Tax Matters | The Service Charge – is it mandatory?

Paulo Cordeiro de Sousa*

When you travel around the world and go to a restaurant, it is not unusual to find in the bill an additional 10 or 15% service charge (“SC”) over the total price of the service. In some cases, the SC is already added into the final amount due; in other cases, the bill just states, for example, “10 to 15% service not included” – meaning that the final amount due does not include the SC but that the customer should consider paying an amount equal to 10 to 15% over the value of the bill. It is commonly known that such amount is destined to be split by the employees of the restaurant, who usually earn a low base salary.

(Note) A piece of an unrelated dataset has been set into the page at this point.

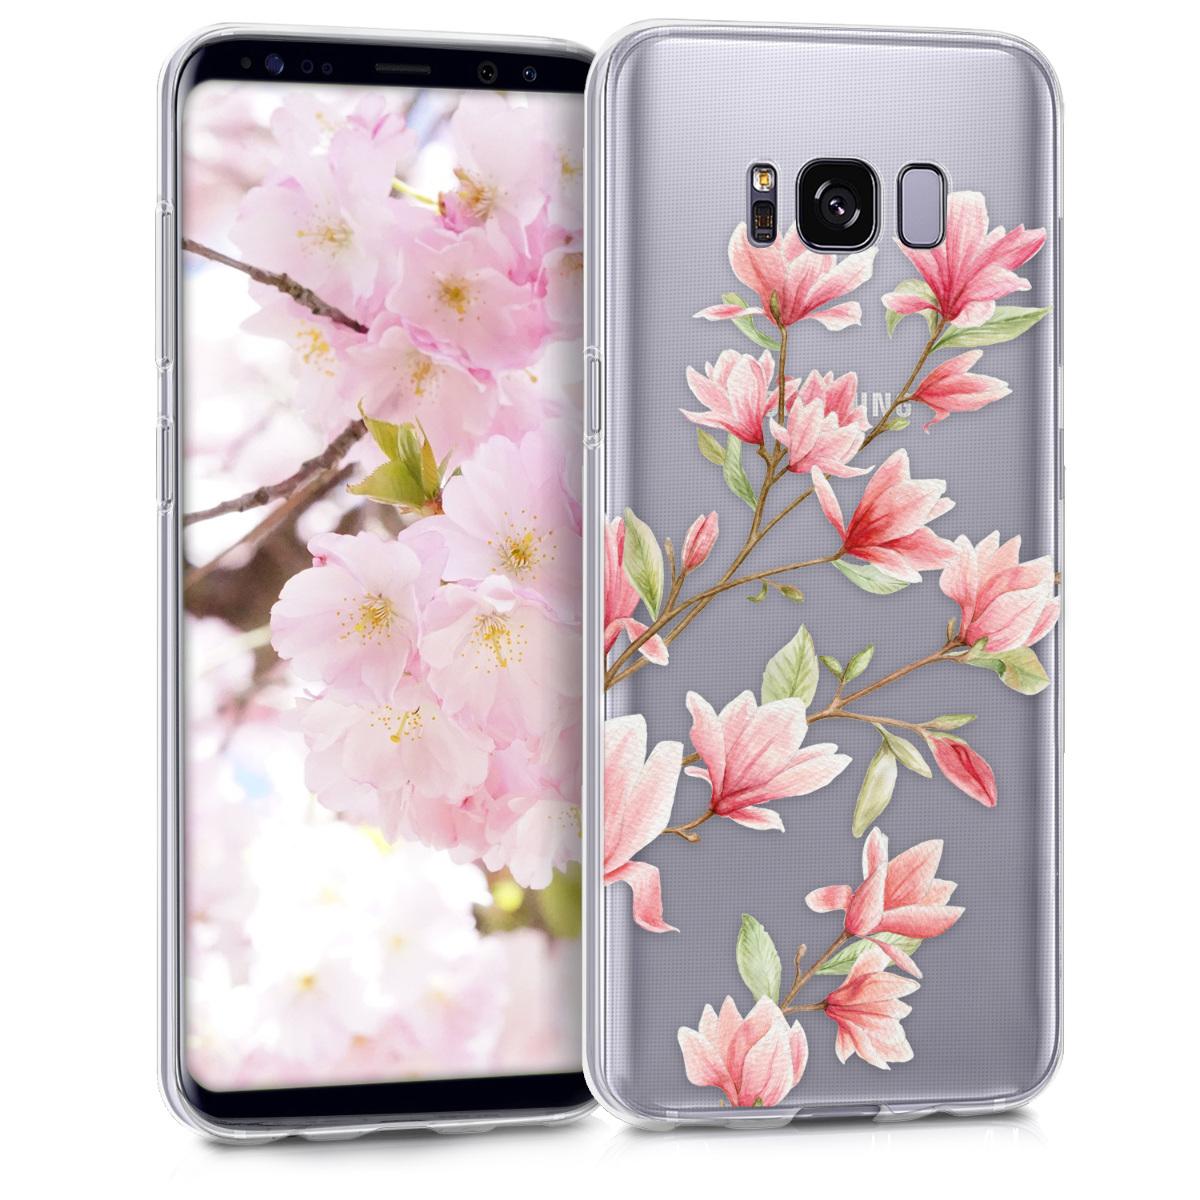 KW Θήκη Σιλικόνης (TPU) Samsung Galaxy S8 - Διάφανη με σχέδιο λουλουδιών (40977.18)

In Macau, with some exceptions, the vast majority of establishments that provide food and beverage services to their customers (restaurants, bars, cafés, etc.) charge 10% SC in the final bill. The customer usually pays without questioning, but if you browse the web you will find that a lot of people wonder whether the SC is mandatory by law. The correct answer is: it is not!
A lot of people confuse the matter, believing that the SC is a Tourism Tax (“TT”) – the TT Regulations were approved by Law 19/96/M, of 19 August, and this is a tax that must be charged by hotels and by some other establishments like health clubs, saunas, massage parlours and “karaoke” bars to their customers. The TT rate is 5% over the price of the service. If you go to a hotel bar you will verify that, apart from the price of the service, the final bill charges two additional items, the 5% TT and 10% SC. Restaurants, bars, and cafés that are not operated by hotels or establishments as the ones mentioned above do not charge TT in their bills, because the TT regulations expressly exempt them from this tax.
So, if the SC is not a tax created by law, why should we pay it? Well, the answer is not so simple. One may argue that, if it is not mandated by law, it is illegal for restaurants and other establishments to charge it as a mandatory item in their bills. It could be deemed contrary to the Consumer Protection Act (Law 12/88/M, of 13 June), which requires that the consumer is duly informed (i.e. without the use of any kind of trickery) of the price of the goods and services that he/she is purchasing. In my opinion, it ends up as a contractual issue. The regime applicable to hotel and similar activities (approved by Decree-Law 16/96/M, of 1 April) – which also applies to restaurants, bars, etc. – sets forth that the price list must specify the taxes and other fees/charges that are charged to the customers over the prices of the goods and services, or mention that such taxes/fees/charges are already included in the price. So, if the customer is provided with the price list and such price list states that to the price will be added a 10% SC, it is up to the customer whether to order the service, contractually accepting the SC – in which case he/she should not challenge the charge in the final bill – or to go away before ordering the service. However, the customer may challenge the inclusion of SC in the final bill if the price list does not make any reference to it.
Another issue is the use of the SC. The labour law sets forth that the SC charged to customers should be included in the workers’ remuneration. This means that the SC cannot be treated as additional income by employers, it must be split between the workers, as part of their salaries. Otherwise, the employers violate the law. This is something that should be monitored and supervised by the authorities.